UKPLab / sentence-transformers

State-of-the-Art Text Embeddings
https://www.sbert.net
Apache License 2.0
15.34k stars 2.48k forks source link

Can you give me some suggestions about long document Information Retrieval task #630

Open svjack opened 3 years ago

svjack commented 3 years ago

as the title suggest. If de candidate documents are too long overflow the max_length of tokenizer setting or model setting in CrossEncoder how can i perform this kind of task ? a straightforward idea is to use attention on list of sentence range to combine the info among entire doc (Some people use it in RNN) Or only split doc to small parts and apply reduce_max operation as agg op to final combine loss. Or you have some suggestions? Can you share me some related projects or papers about this kind of problem ?
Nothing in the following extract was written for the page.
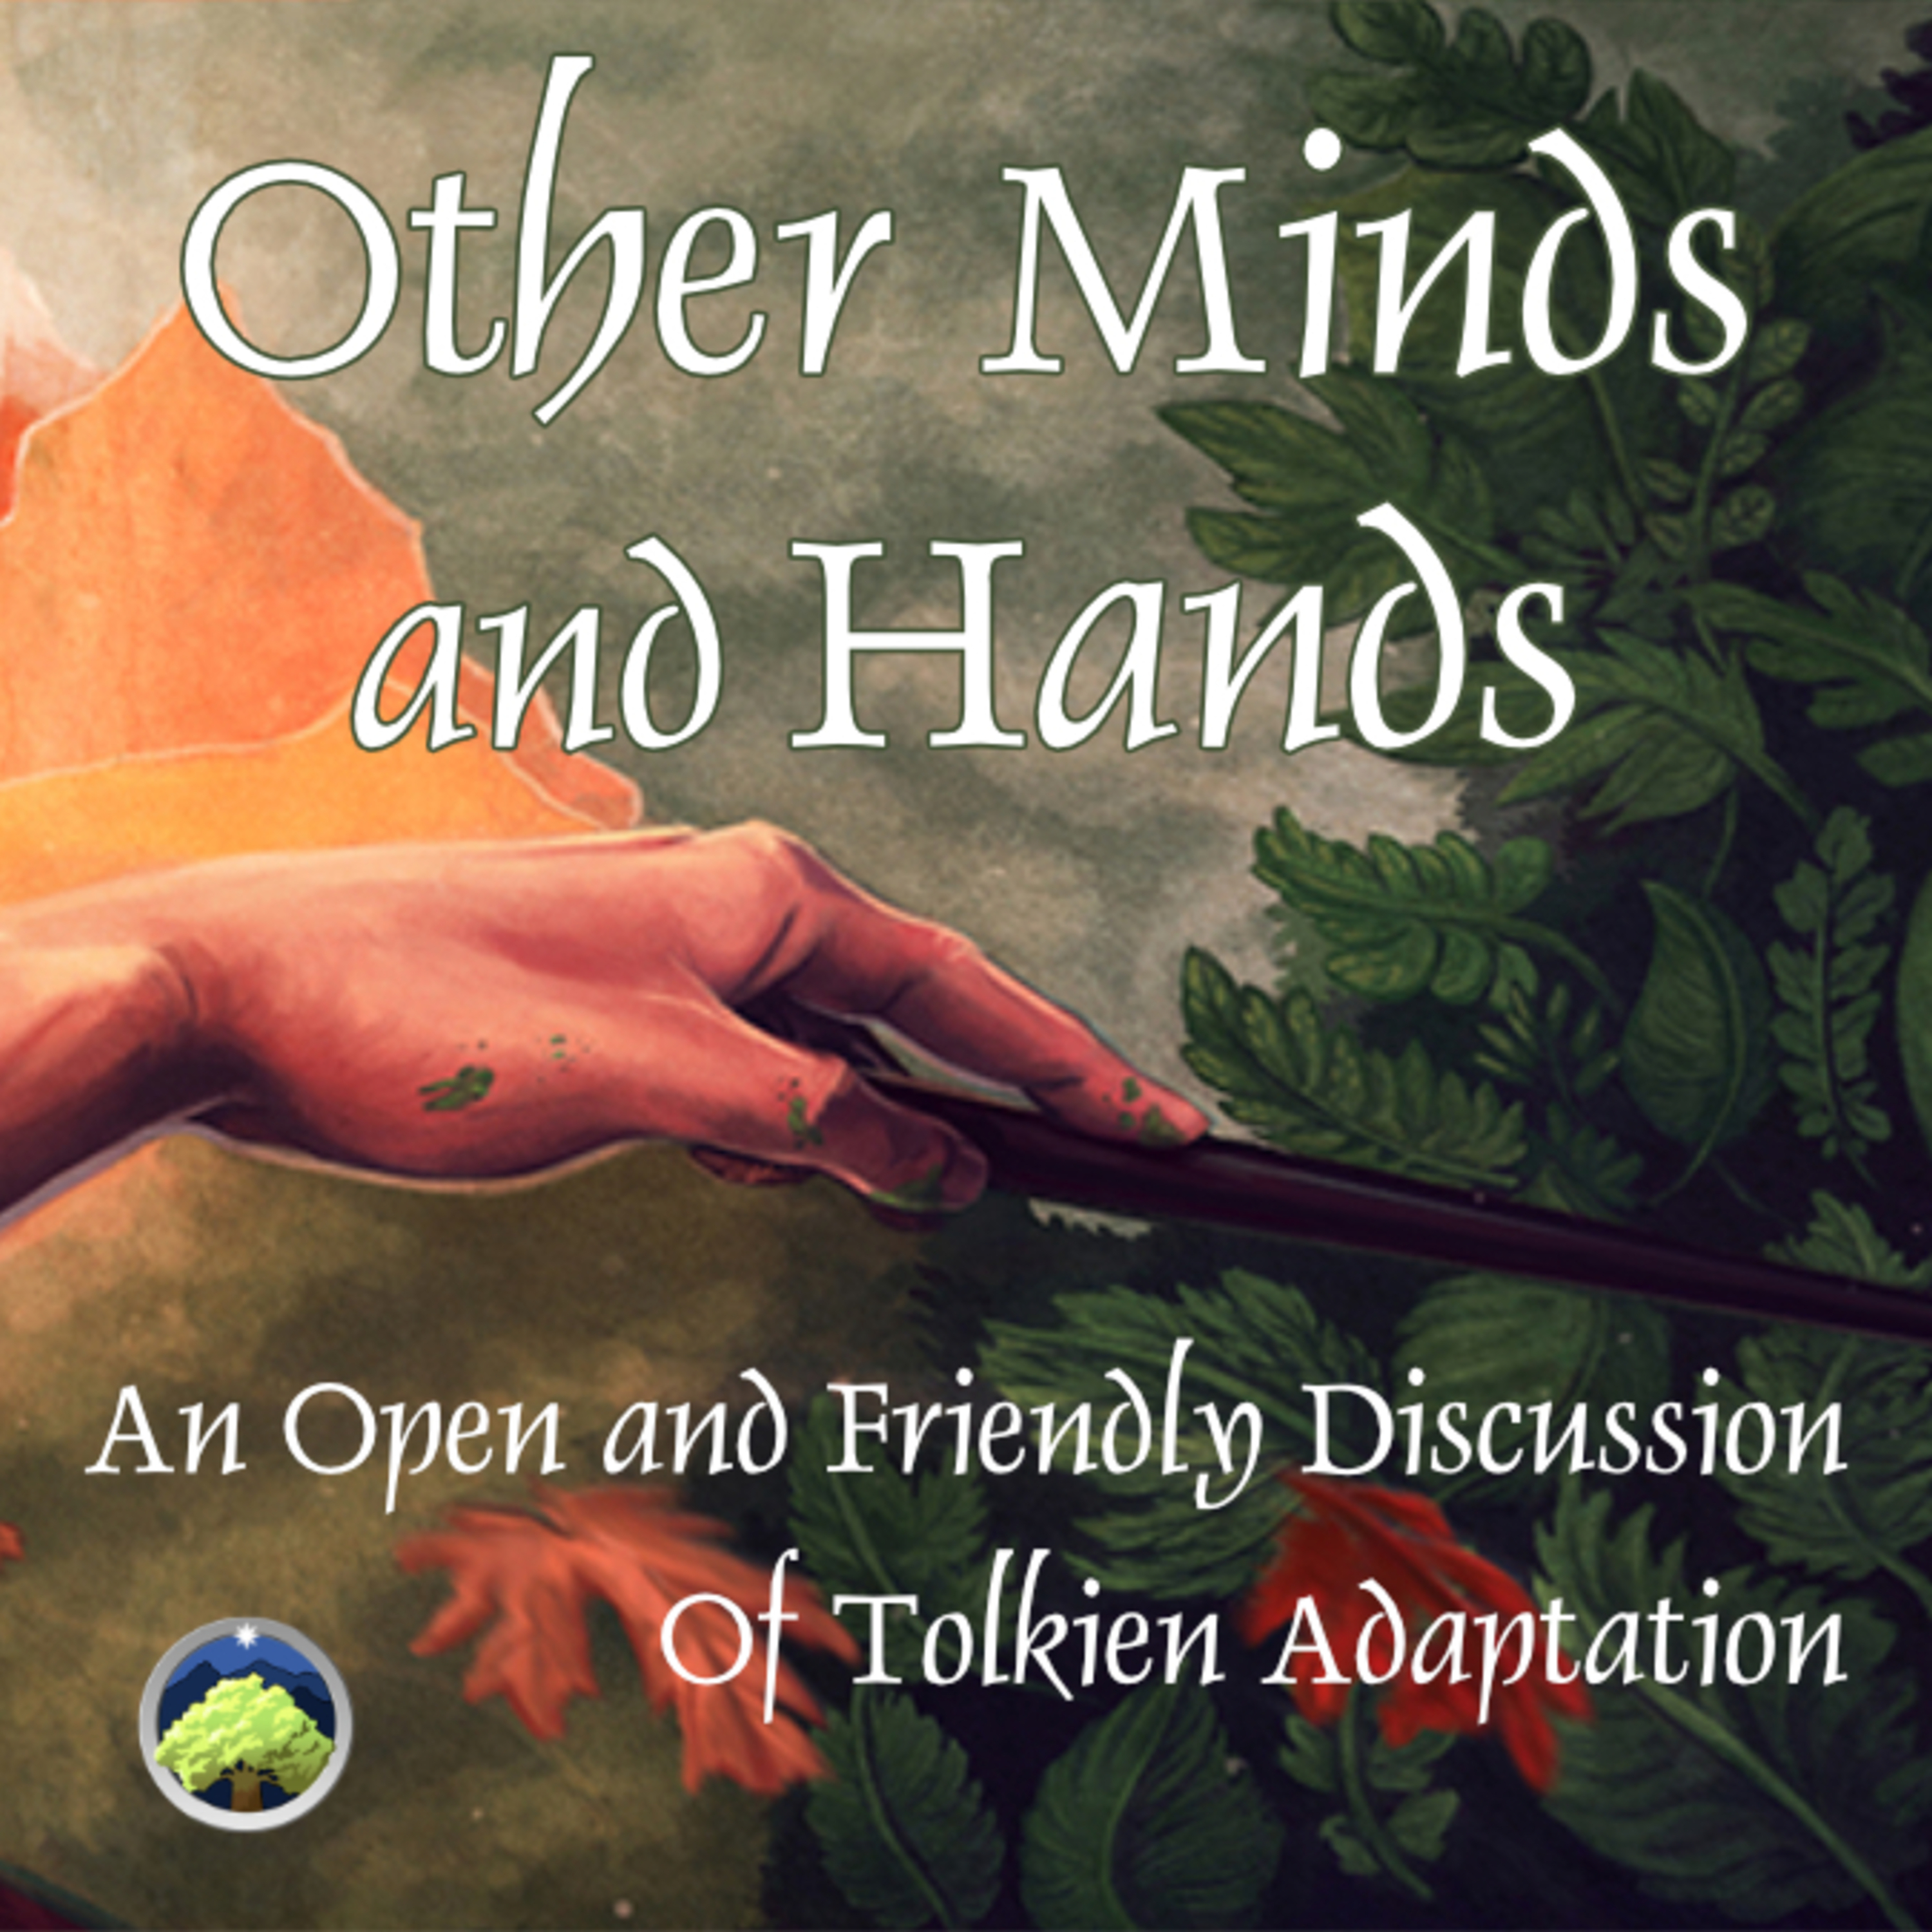 542: Other Minds and Hands, Episode 52

svjack commented 3 years ago

https://github.com/huggingface/transformers/issues/876#issuecomment-515355840 it is about this shortcoming

svjack commented 3 years ago

Or you think this process should be done in "Semantic Search" stage and use Unsupervised methods to split doc and sort filter them ?

nreimers commented 3 years ago

For Cross-Encoders, you can use the Longformer (and similar) documents, that allow to process longer documents.

For Bi-Encoders: So far there is no good approach how to present longer documents in a vector space. The most common way is to break down the document into smaller sections. You can either split by paragraphs or you have a fixed sized window and e.g. always encode 100 tokens to a vector.

For retrieval, you retrieve passages. Then you can e.g. count to which documents they belong. So for example you retrieve 100 passages, and then create a count to which docs they belong. You then return the top 10 documents from which the most passages were retrieved.

bhavsarpratik commented 3 years ago

@svjack You can find some ideas here

tin9580 commented 1 year ago

Hello! any updates regarding the training Bi-Encoders for long documents?